Indian film director (born 1972)

Sanjiv Jaiswal is an Indian film director and producer who mainly works in Hindi films.

==Biography==
Sanjiv Jaiswal is from Lucknow, Uttar Pradesh. He wanted to become a filmmaker since childhood. After completing his graduation, he came to Mumbai and established his own film production house. He produced his first film, Fareb, in 2005. His second film Anwar (2007) was written and directed by Manish Jha.

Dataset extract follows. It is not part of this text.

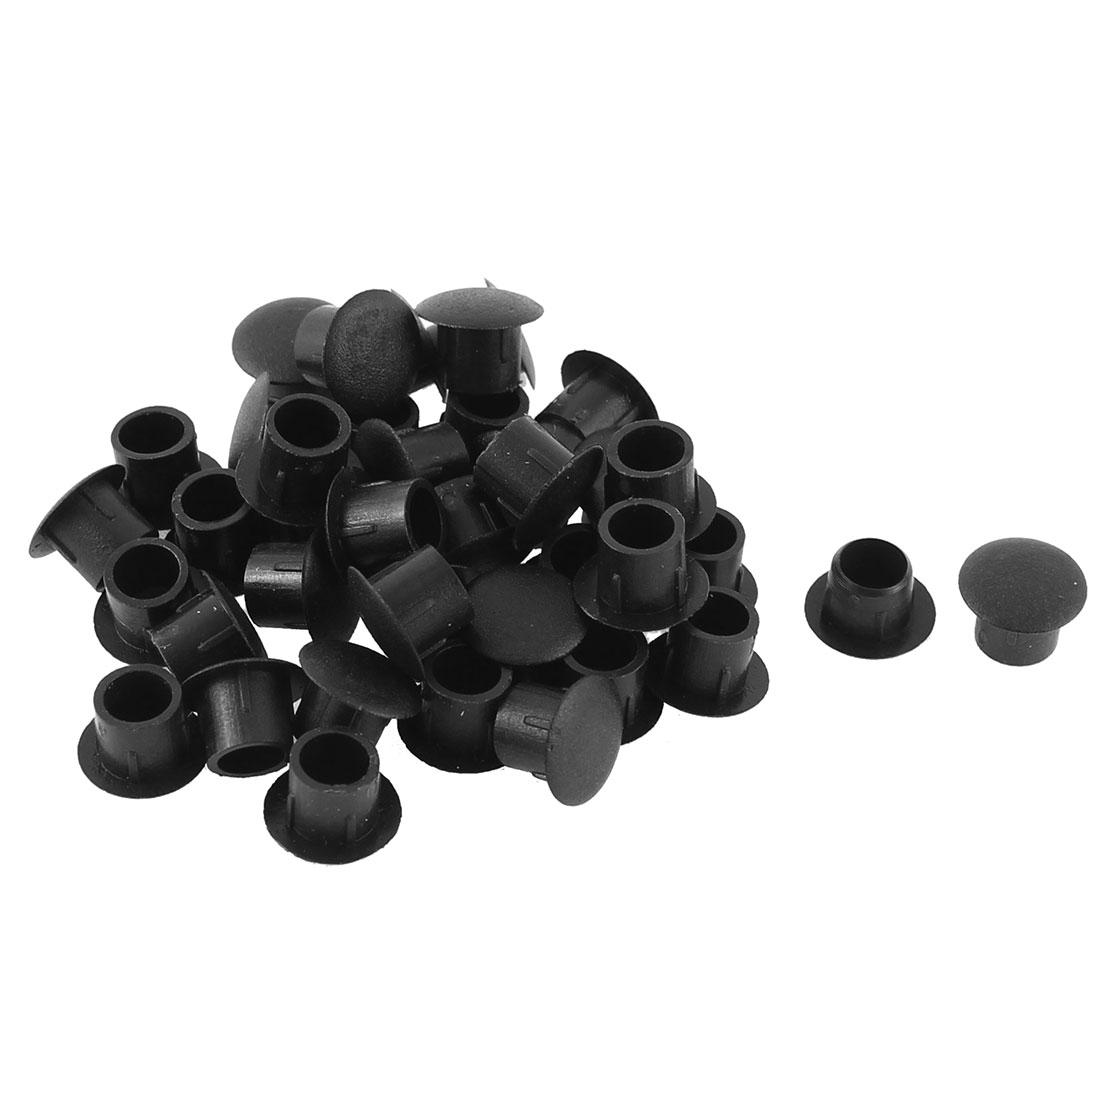 Home Kitchen Plastic Drawer Cabinet Decor CoverTube Insert Black 8mm Dia 40pcs

His debut as a writer and director was in 2012, with Shudra: The Rising, which portrays slavery, untouchability and the caste system in Indian society. Jaiswal was awarded the Best Director's Award for Shudra: The Rising in Dada Saheb Phalke Film Festival in 2013. The film was also nominated for the Boston International Film Festival (2013),

In 2019, Jaiswal wrote and directed the Hindi feature film Pranaam.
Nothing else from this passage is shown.